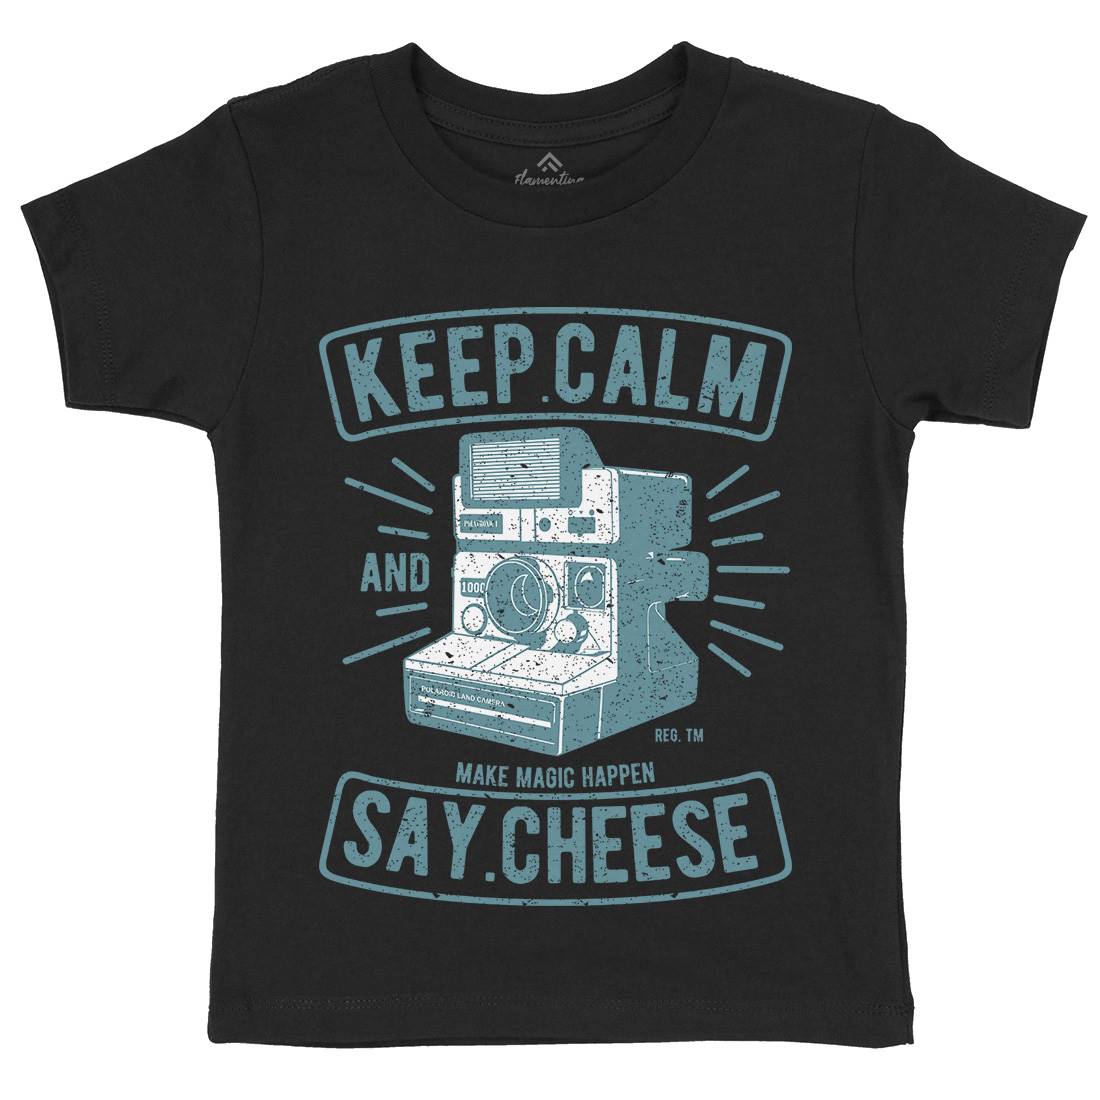 Keep Calm And Say Cheese Kids Organic Crew Neck T-Shirt Media A699
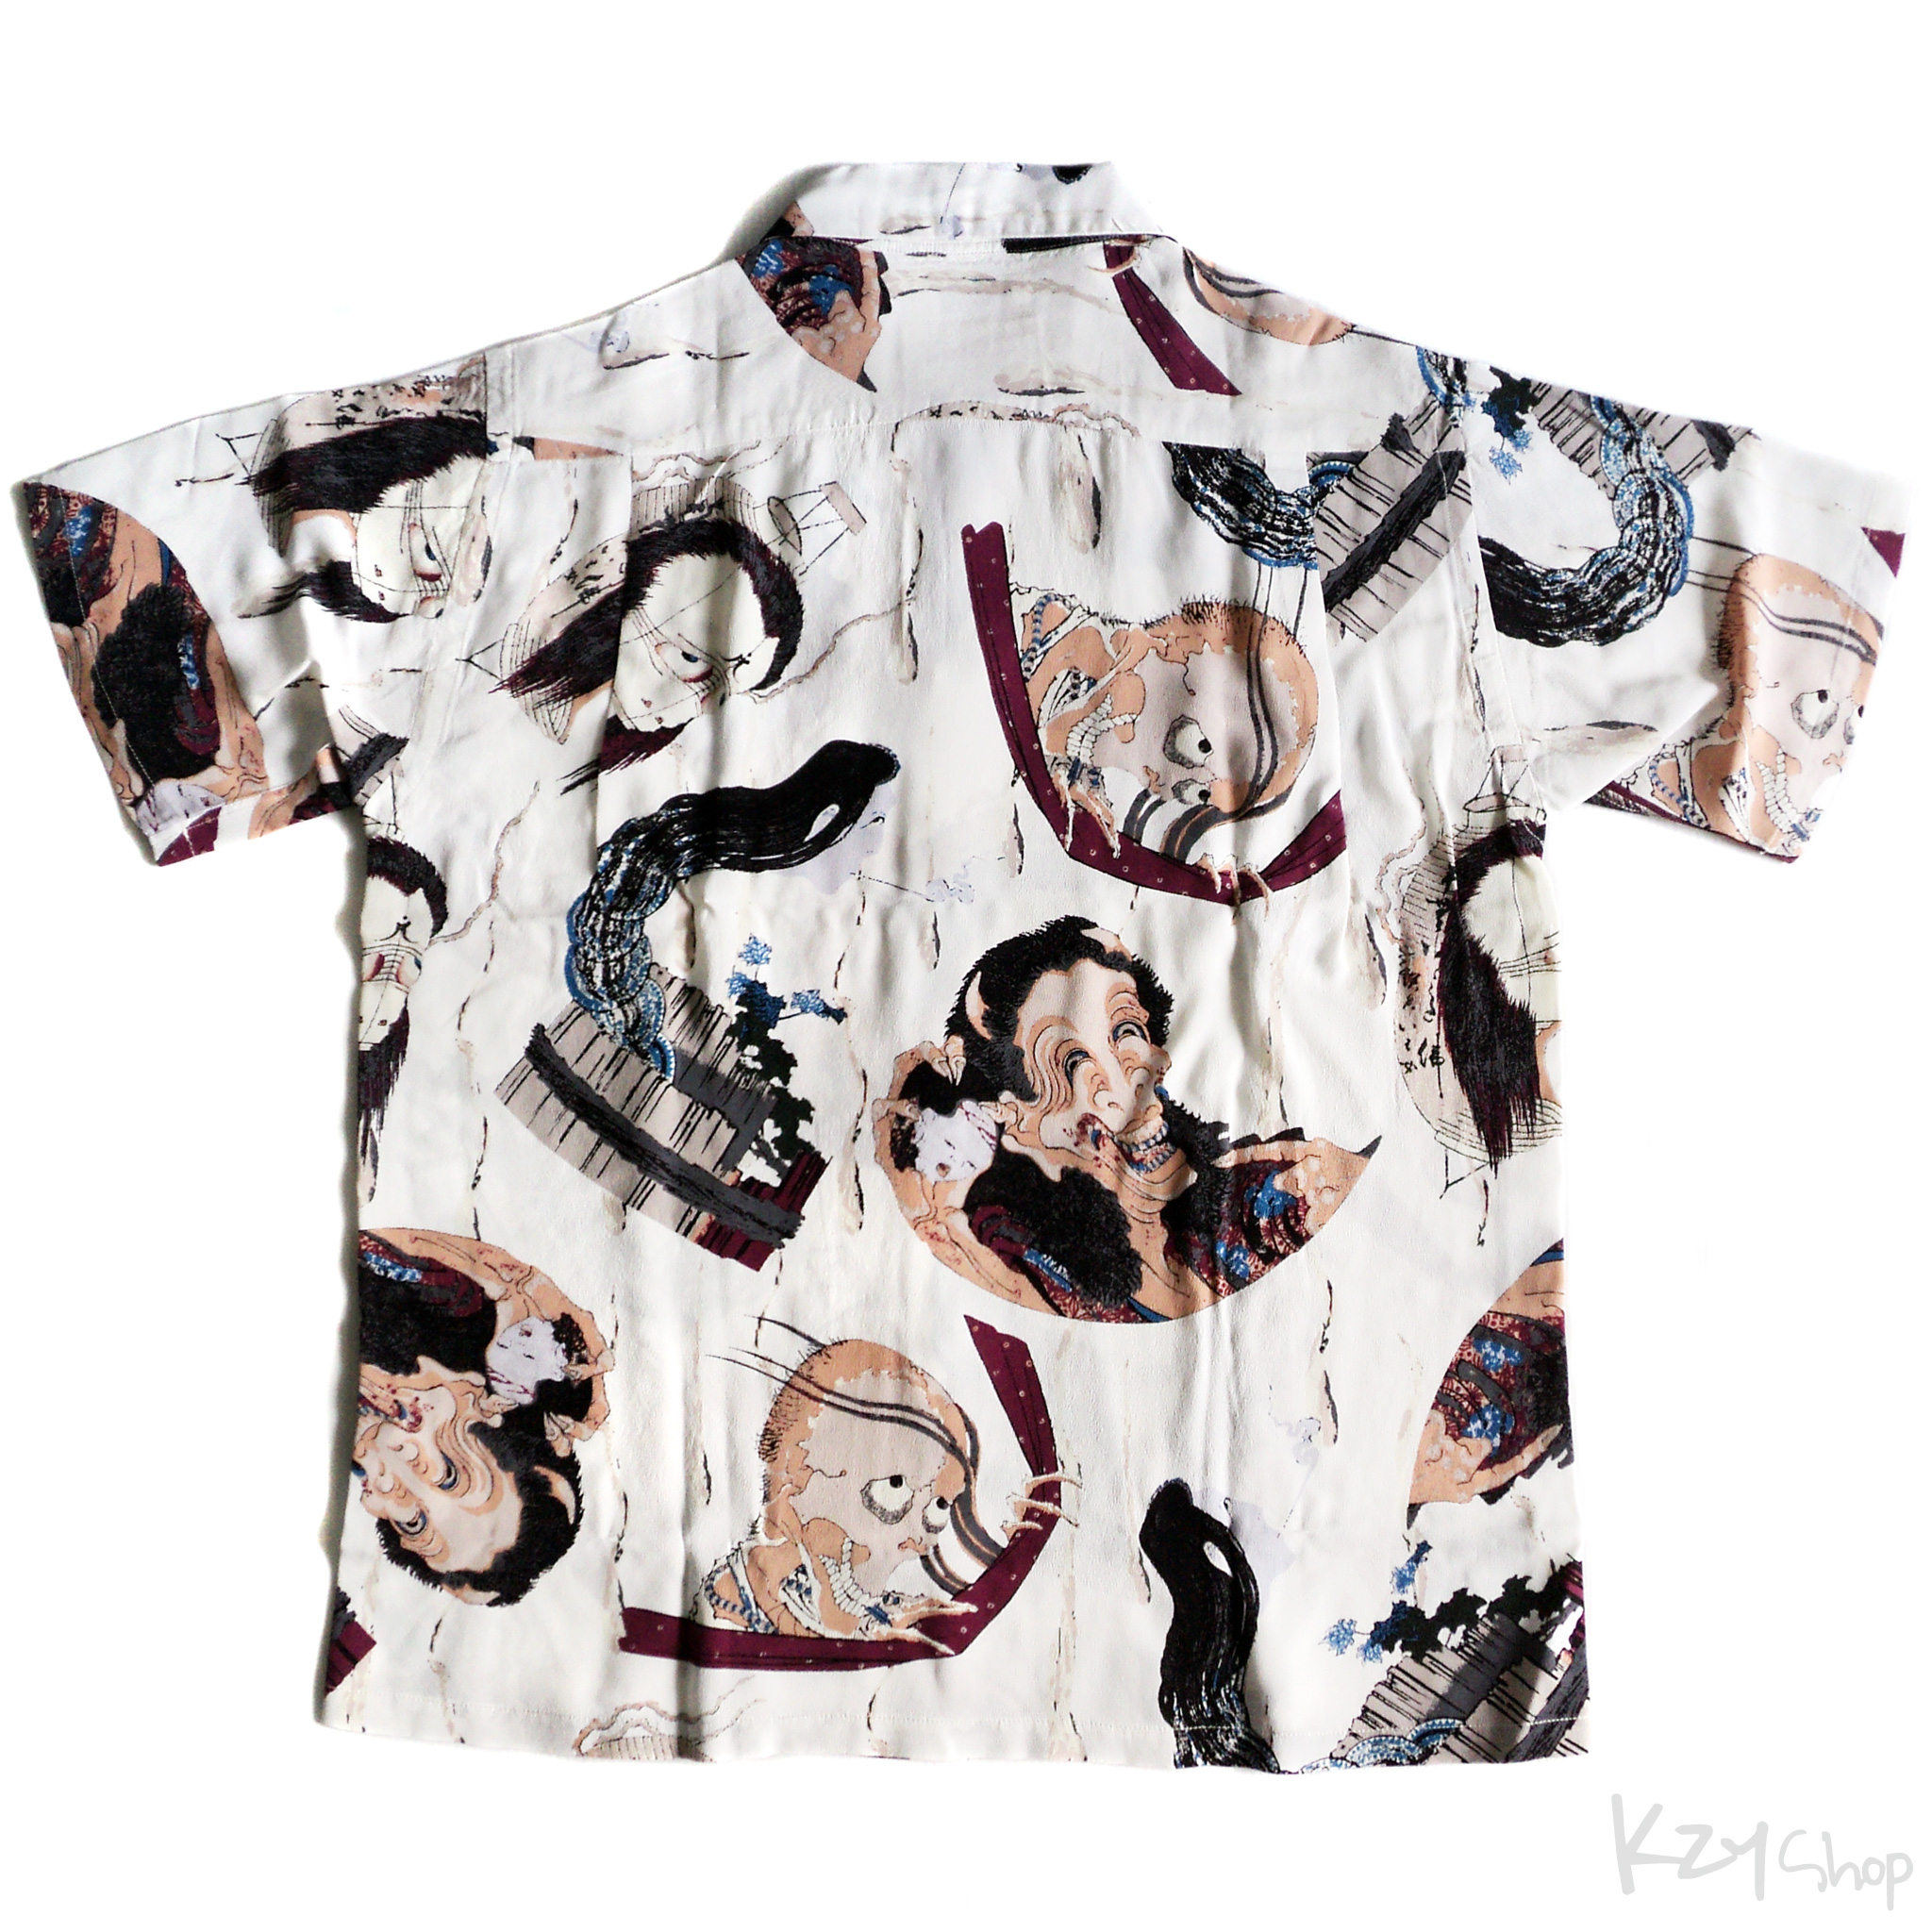 SUN SURF X HOKUSAI SPECIAL EDITION "Round of Ghost Stories at Night" (2017) off white
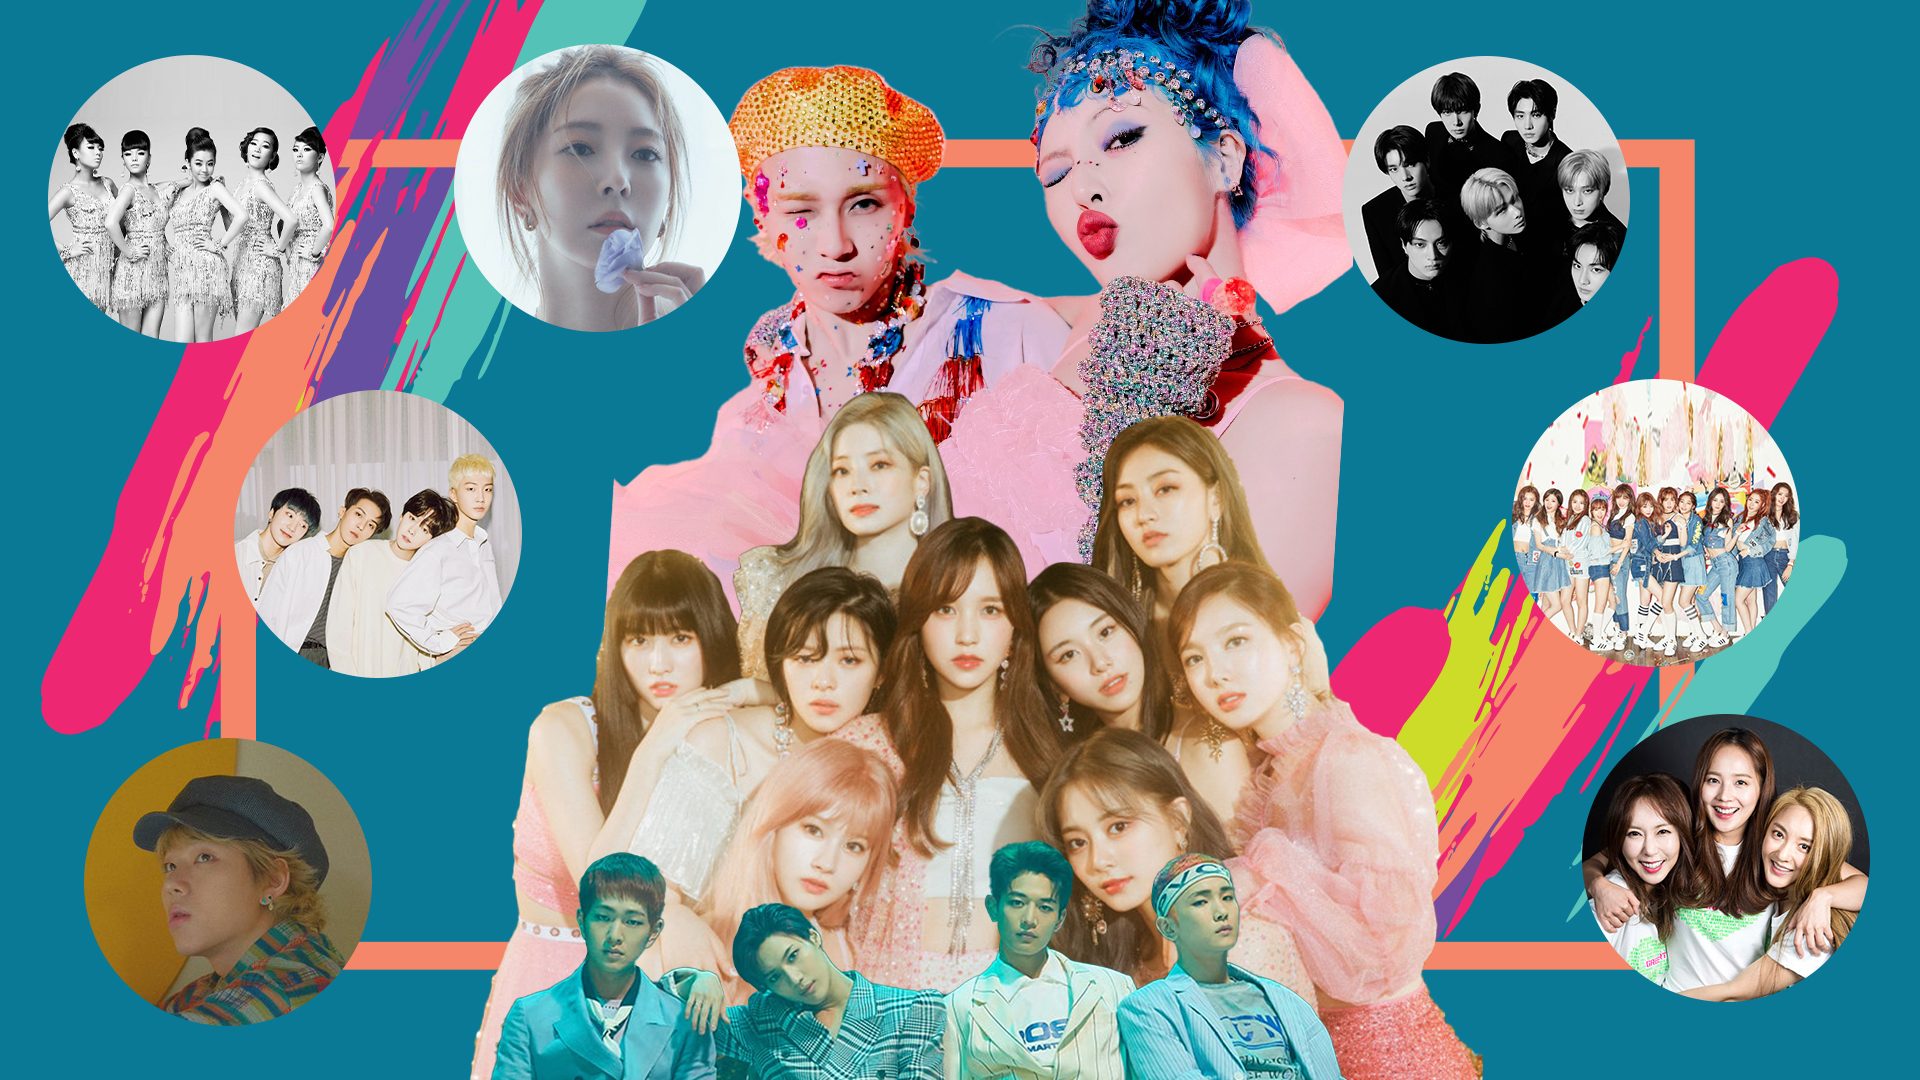 Biases, comebacks, fan chants: A beginner's guide to the K-pop
******************************
**HOW TO COMPLETE THIS TASK:** Set down all the data again exactly as above, pictures excluded.

**SOLVED PROBLEM:**
 Keep Calm And Say Cheese Kids Organic Crew Neck T-Shirt Media A699
 SUN SURF X HOKUSAI SPECIAL EDITION "Round of Ghost Stories at Night" (2017) off white
 Biases, comebacks, fan chants: A beginner's guide to the K-pop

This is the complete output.